Right-wing extremist groups in the United States exhibit the same language and behaviors that have stoked attempts to exterminate entire religions and populations around the world, according to Georgette Bennett, co-author of the new book, Religicide: Confronting the Roots of Anti-Religious Violence.
“Religicide” is a term she and co-author Jerry White use to describe systematic efforts to wipe out specific faith groups and the people who practice them. Those campaigns are typified by the use of apocalyptic rhetoric, attacks on sacred spaces and texts, and a reliance on “facticide,” which is the use of misinformation and disinformation to justify human rights abuses.
Bennett said those impulses can be seen in certain elements of American culture.
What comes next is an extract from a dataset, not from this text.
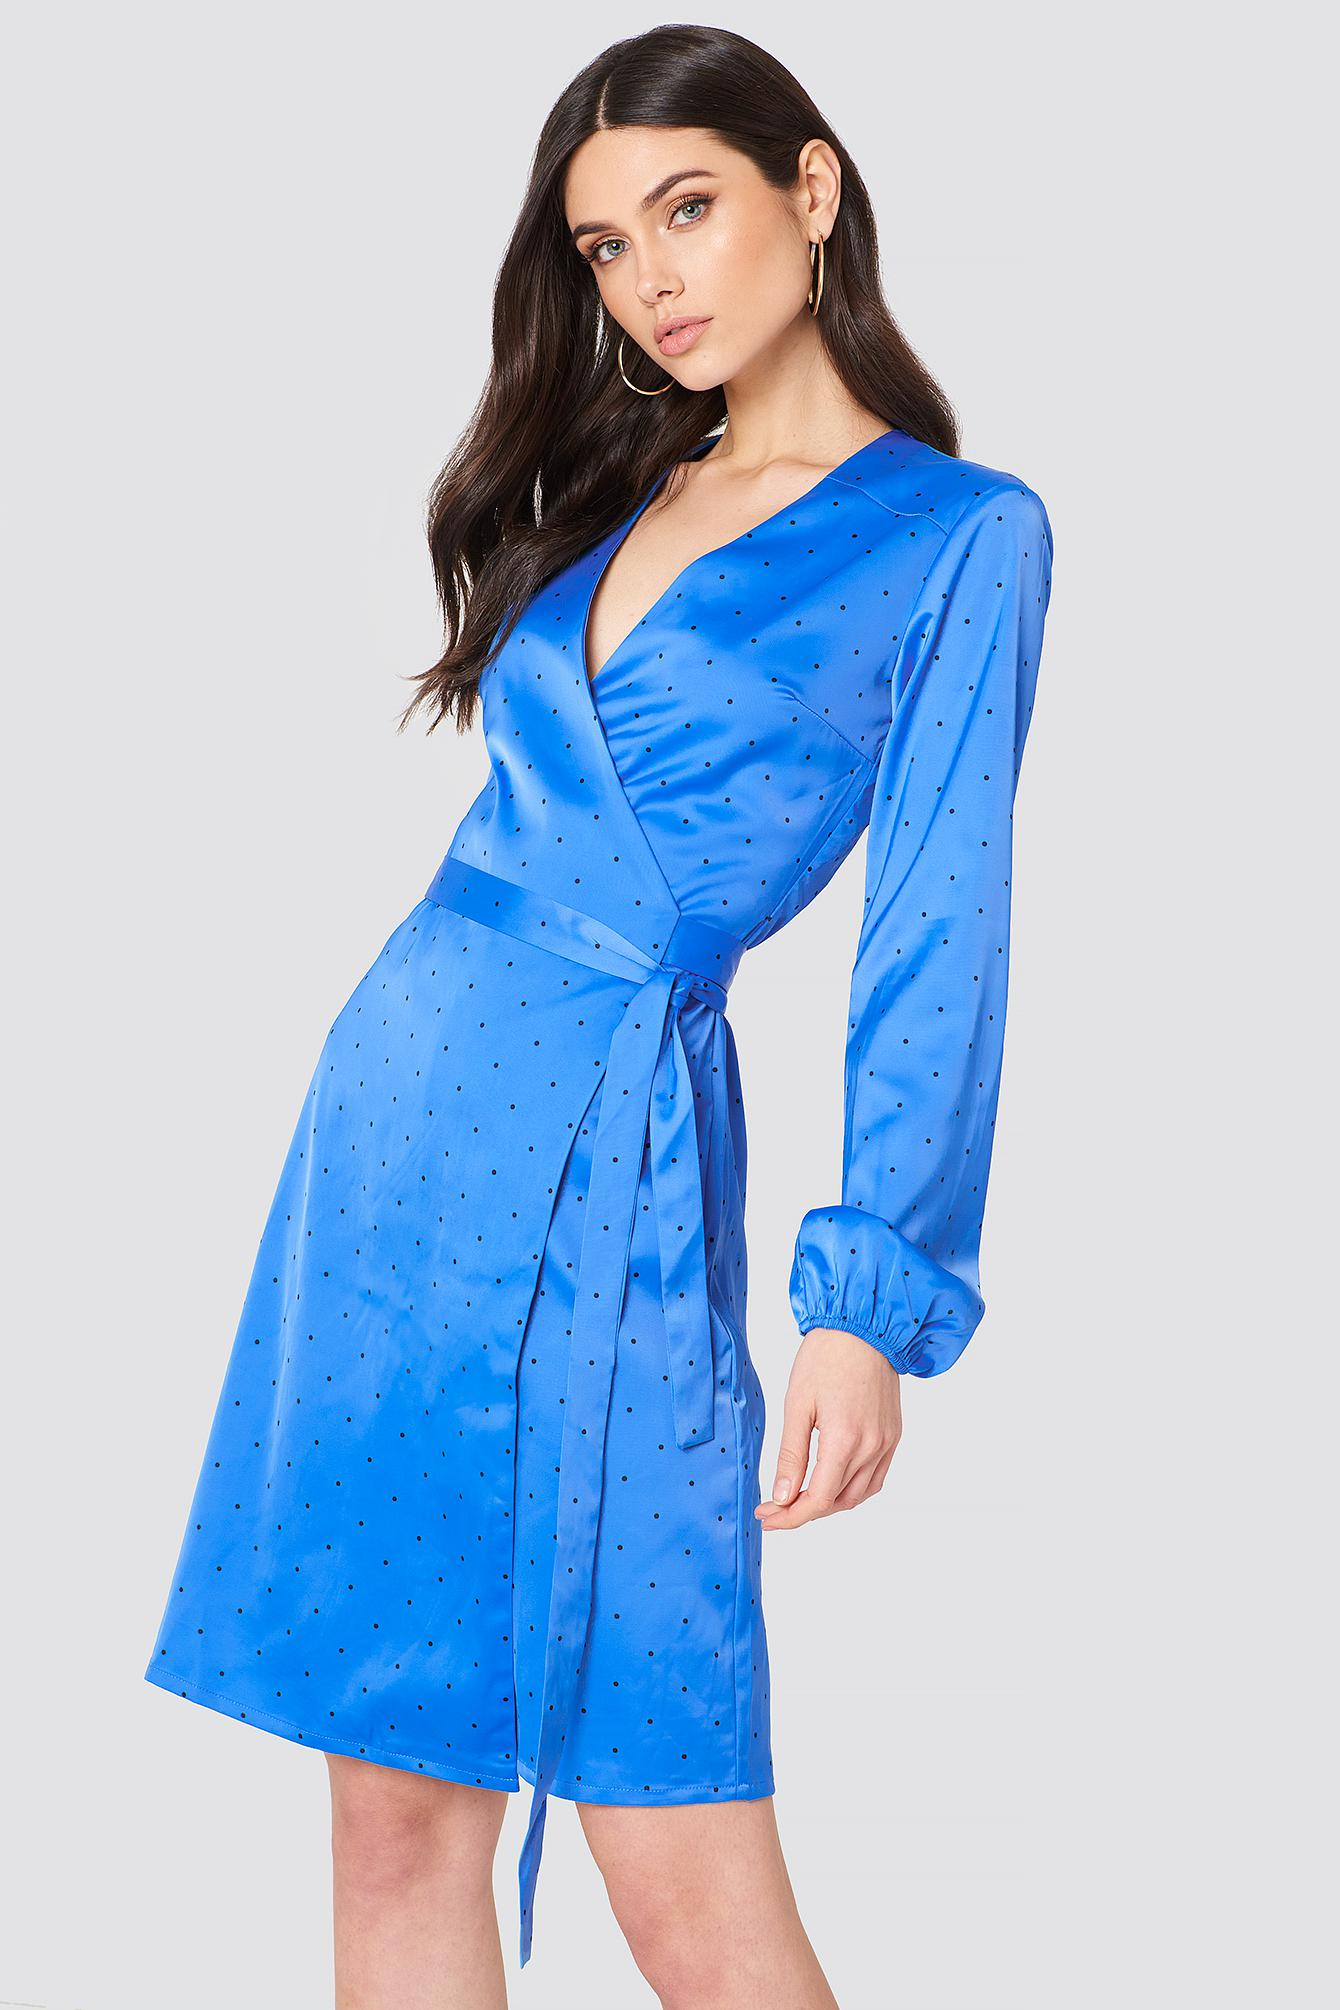 Footlocker Finishline Cheap Price Ebay Online Polka Dot Wrap Dress - Granada sky Gestuz ovHYrCS9

“They have all divided the world into the children of light and the children of darkness.”
“If you look at the ultra-right, neo-Nazis, religious nationalists and white supremacists, they’re all using apocalyptic language,” she said. “They have all divided the world into the children of light and the children of darkness.”
Once largely limited to extreme fundamentalists and QAnon conspiracy theorists, rhetoric describing moderate and liberal Americans as “demons” or “children of Satan” has been used by a growing number of conservative politicians and their supporters since the presidency of Donald Trump.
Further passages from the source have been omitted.